Just for kicks i decided to check the voltage on the battery, it about 14.6 with the car off... with the car on at idle in park it jumps to 15.7- 15.9 volts, correct me if i'm wrong but isn't that too high?
 
I agree with Iskwezm about the voltage.

Something that was a big help for me was the electrical wiring on CD that I got for about 10 bucks. Most Mutang parts places have it. Its alot easier to see the schematics when they are in color and you can zoom in to view them.
 
Before measuring a battery at rest, you should remove the residual charge by temporarily applying a load to it (Like cranking it over a couple seconds). At rest voltage should be from 12.5 to 12.8V

Charge voltage over 14.5 is too high. It will boil the acid out of the battery and there will be excessive corrosion around the terminals. It should be 13 to 14.5V

As far as I know, the 3G is not a one wire alternator. Did the guy who built it give you any documentation with it? Where is the yellow wire tied to? That is the sense wire. Also the green wire is the "turn on" signal which should be tied to an ignition source.
 
Ok, so I left the kill switch off and cranked it over for a few seconds a few times and looked at the voltage, it dipped to about 13.8 but with the car off it became climbing back up to 14.1. I verified my multimeter is right, i tested a few household batteries and what not.
I was finally able to look at the part number in the back F749SE, the next line reads 0997CN 12V; it seems to be off a 94 mustang.

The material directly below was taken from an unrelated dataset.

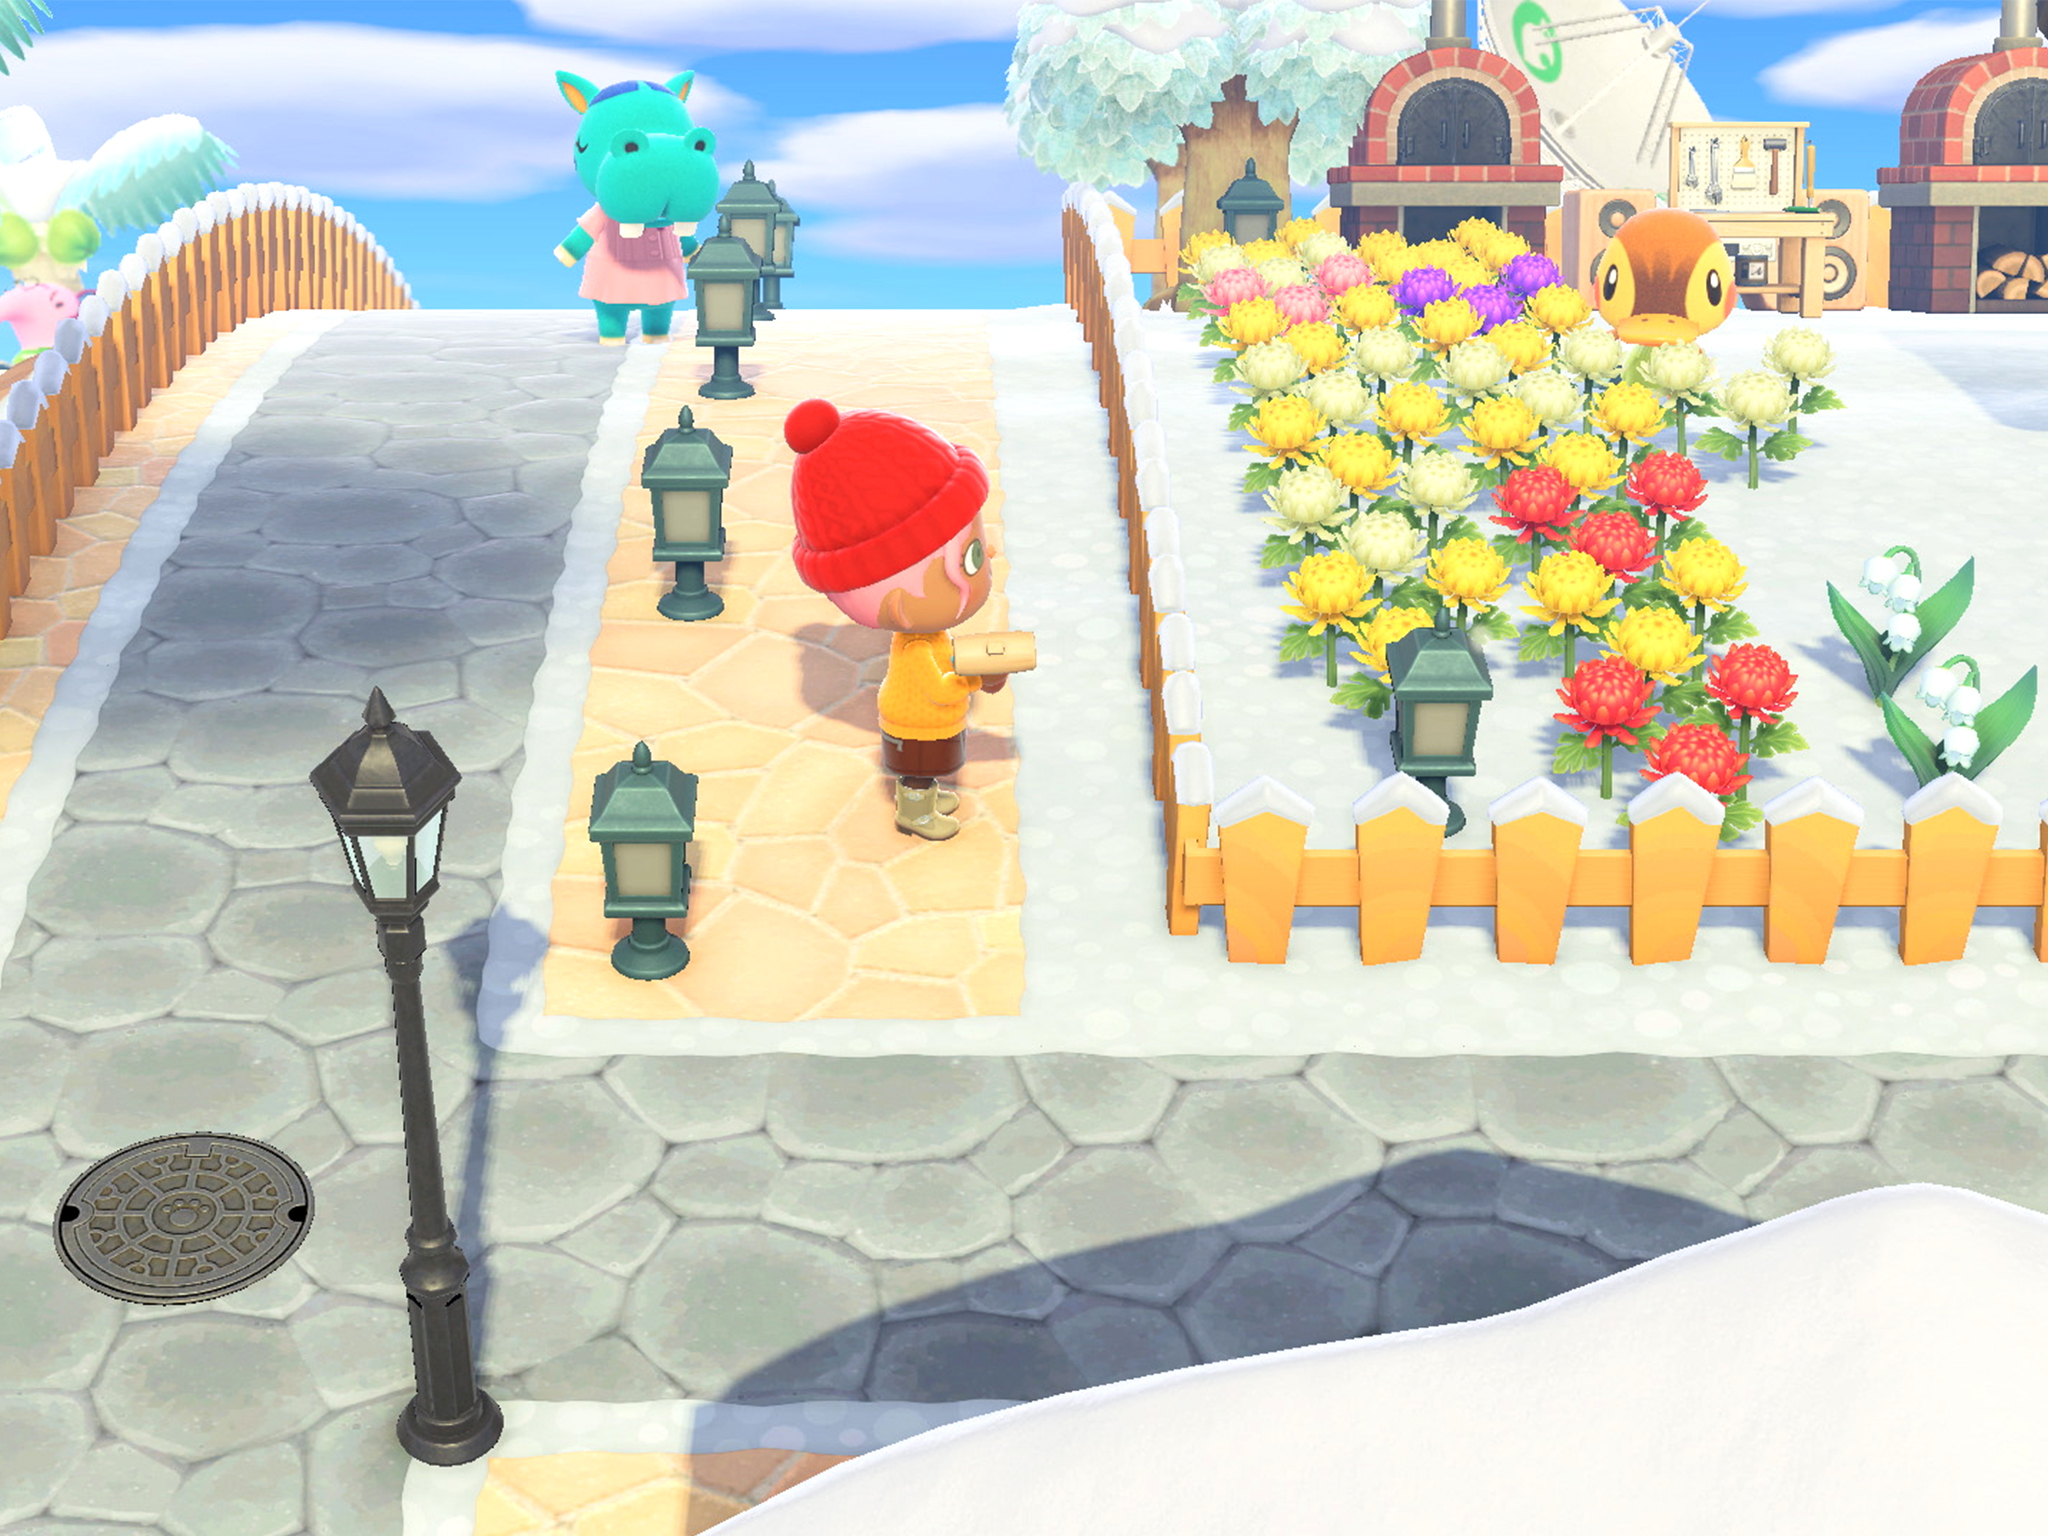 Entretenimento, Videojogos, Animal Crossing: New Horizons

He said it a 3g alternator with a 1 wire conversion on his ad; he didn't give me documentation. There is one large wire connected the starting post of the solenoid as well as a wire coming from my harness i'm assuming my ignition wire, i can't tell exactly since the name kinda rubbed off, both connected to the same post on the alternator along with one of the ASI wires i forget which one.

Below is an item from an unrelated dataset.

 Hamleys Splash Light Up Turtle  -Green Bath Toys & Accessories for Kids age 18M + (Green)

There isn't much corrosion on the terminals, we completely coated it with grease last time I had battery problems. But i can see the acid has done quite a bit of damage to the bottom, where the frame rails and battery tray are. Corrosion that wasn't there before.

Neutralizing acid requires baking soda and water, last time i used this it became a paste do you spread the paste over it or the water portion?
 
That still seems too high of voltage. Is it the same battery you had before you put the 3G on it? Did you have a more normal reading before the 3G? Do you have another multimeter to verify your output? Look at the 3G connector. Where is the "A" terminal tied to? Usually it is a yellow/white wire.
 
I went over to my grandpa's house and borrowed 2 of his multimeter and sure enough both read 14.2 while the car was on and about 13 at rest. I hooked up mine simultaneously and it read high 15s. So, mine was bad.
As for the stereo, it seems to be happening less and less but i think it might be a bad ground or loose connection somewhere i'm gonna have to trace it around, and maybe hook up a multimeter in line to see if voltage is dropping.